И одновременно многих ранит реакция «с той стороны» на все российское или русское как на причастное к агрессии. Звучит даже слово русофобия. Я думаю, все же никакой русофобии нет, мы имеем дело с сильнейшей моральной паникой. Это шоковое событие, никто не ожидал, что в наши дни может быть внезапно развязана кровопролитная вой­на в Европе. Многое из того, что мы сейчас наблюдаем, это проявление шоковой реакции на вдруг обнаружившуюся витальную угрозу.

При этом, конечно, меры коллективной ответственности, дискриминация на основании гражданства или тем более национальности — это архаика, для Европы XXI века такое странно. Я надеюсь, что со временем, когда первый взрыв эмоций уляжется, будет наводиться на резкость, что и как. Учет личной позиции человека в таких обстоятельствах, на мой взгляд, — это во многих ситуациях правильно. Потому что, например, психолог, который одобряет или приемлемо относится к происходящему, оправдывает массовое насилие патриотизмом или геополитикой, не должен работать, скажем, с жертвами домашнего насилия. Привязка такого рода ограничений к позиции мне кажется разумной. Но, конечно, привязка к ­какой-то общности типа «все русские», которая не про личность, которая непонятно, где начинается, где заканчивается, про которую непонятно, кто в нее входит и кто нет, иррациональна и некорректна.

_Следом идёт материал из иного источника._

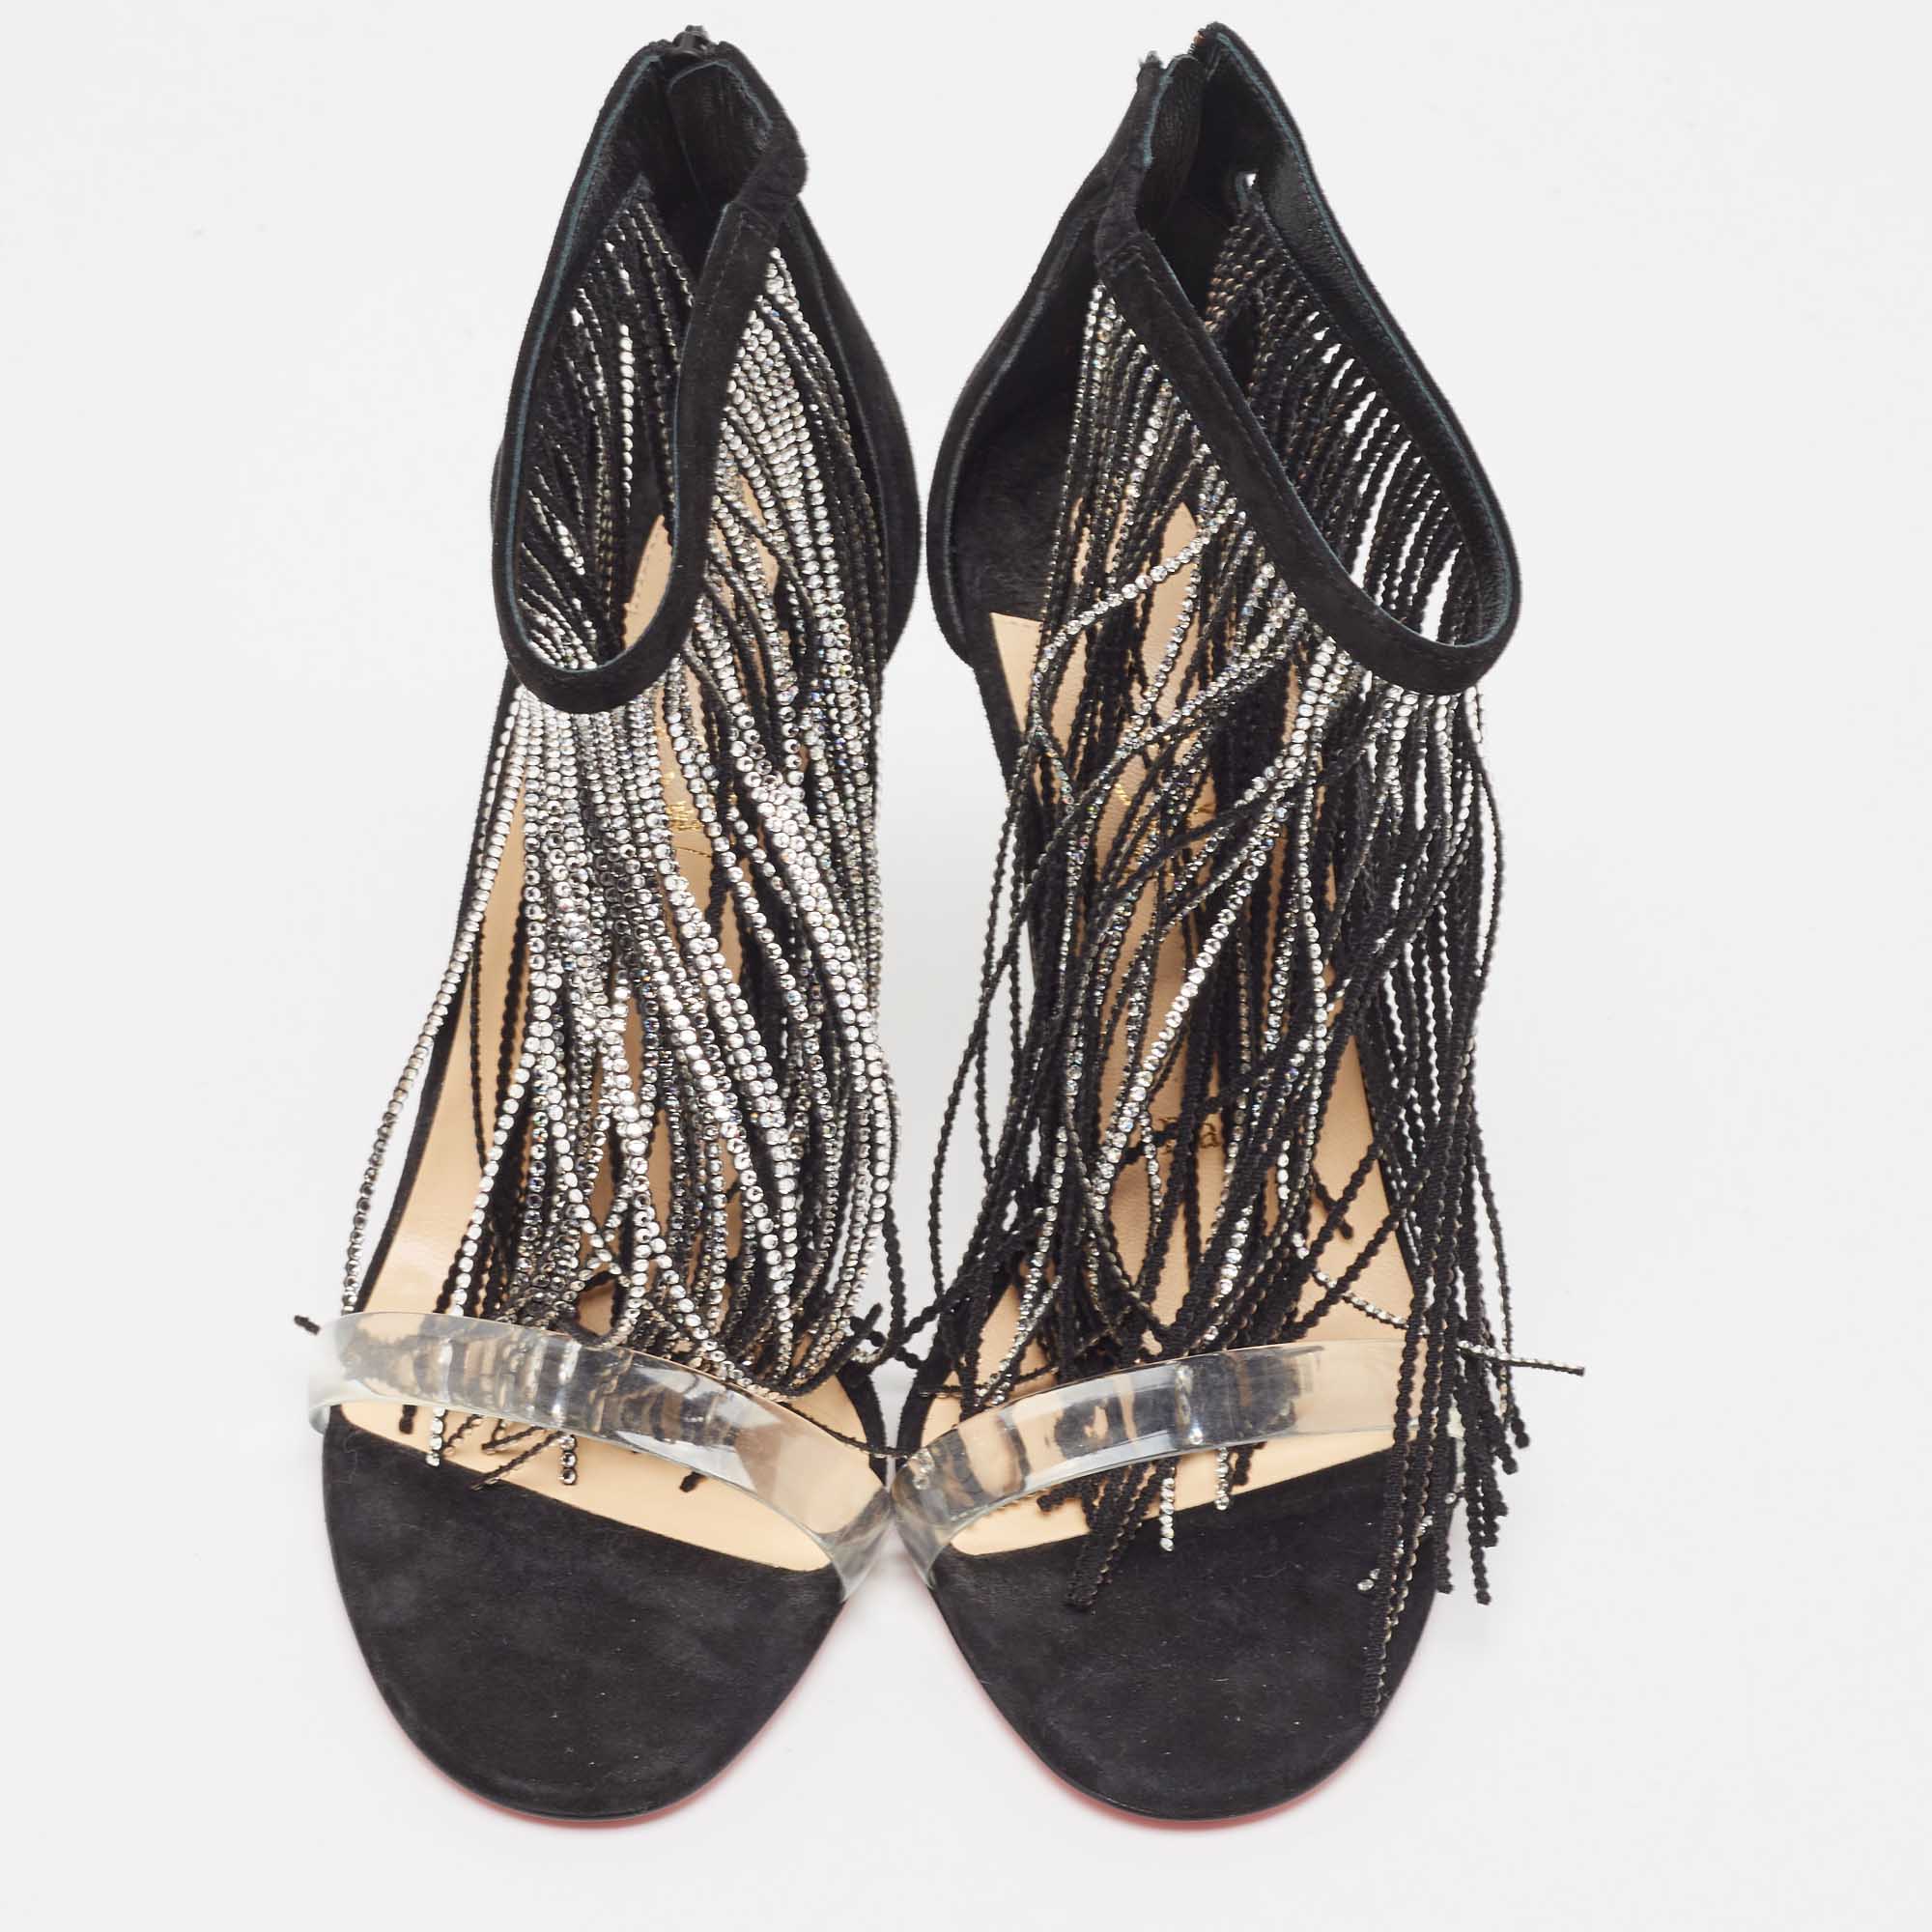 Christian Louboutin Black Suede Crystal Embellished Fringe Ankle Strap Sandals Size 36

В соцсетях немало реплик российских образованных горожан, что все эти вещи приводят их к потере веры в гуманистические ценности, даже к разочарованию в идеях гуманизма. Можно сказать, что у этих людей был не слишком серьезный контакт с гуманистическими ценностями, если в них так легко разочароваться. Но, с другой стороны, неприятно чувствовать, что тебя как бы вывели из сферы действия всех этих замечательных идей, что они не дают теперь никакой защиты — даже если ты их разделяешь. Люди ощущают себя жертвами информационной вой­ны или стихии культуры отмены.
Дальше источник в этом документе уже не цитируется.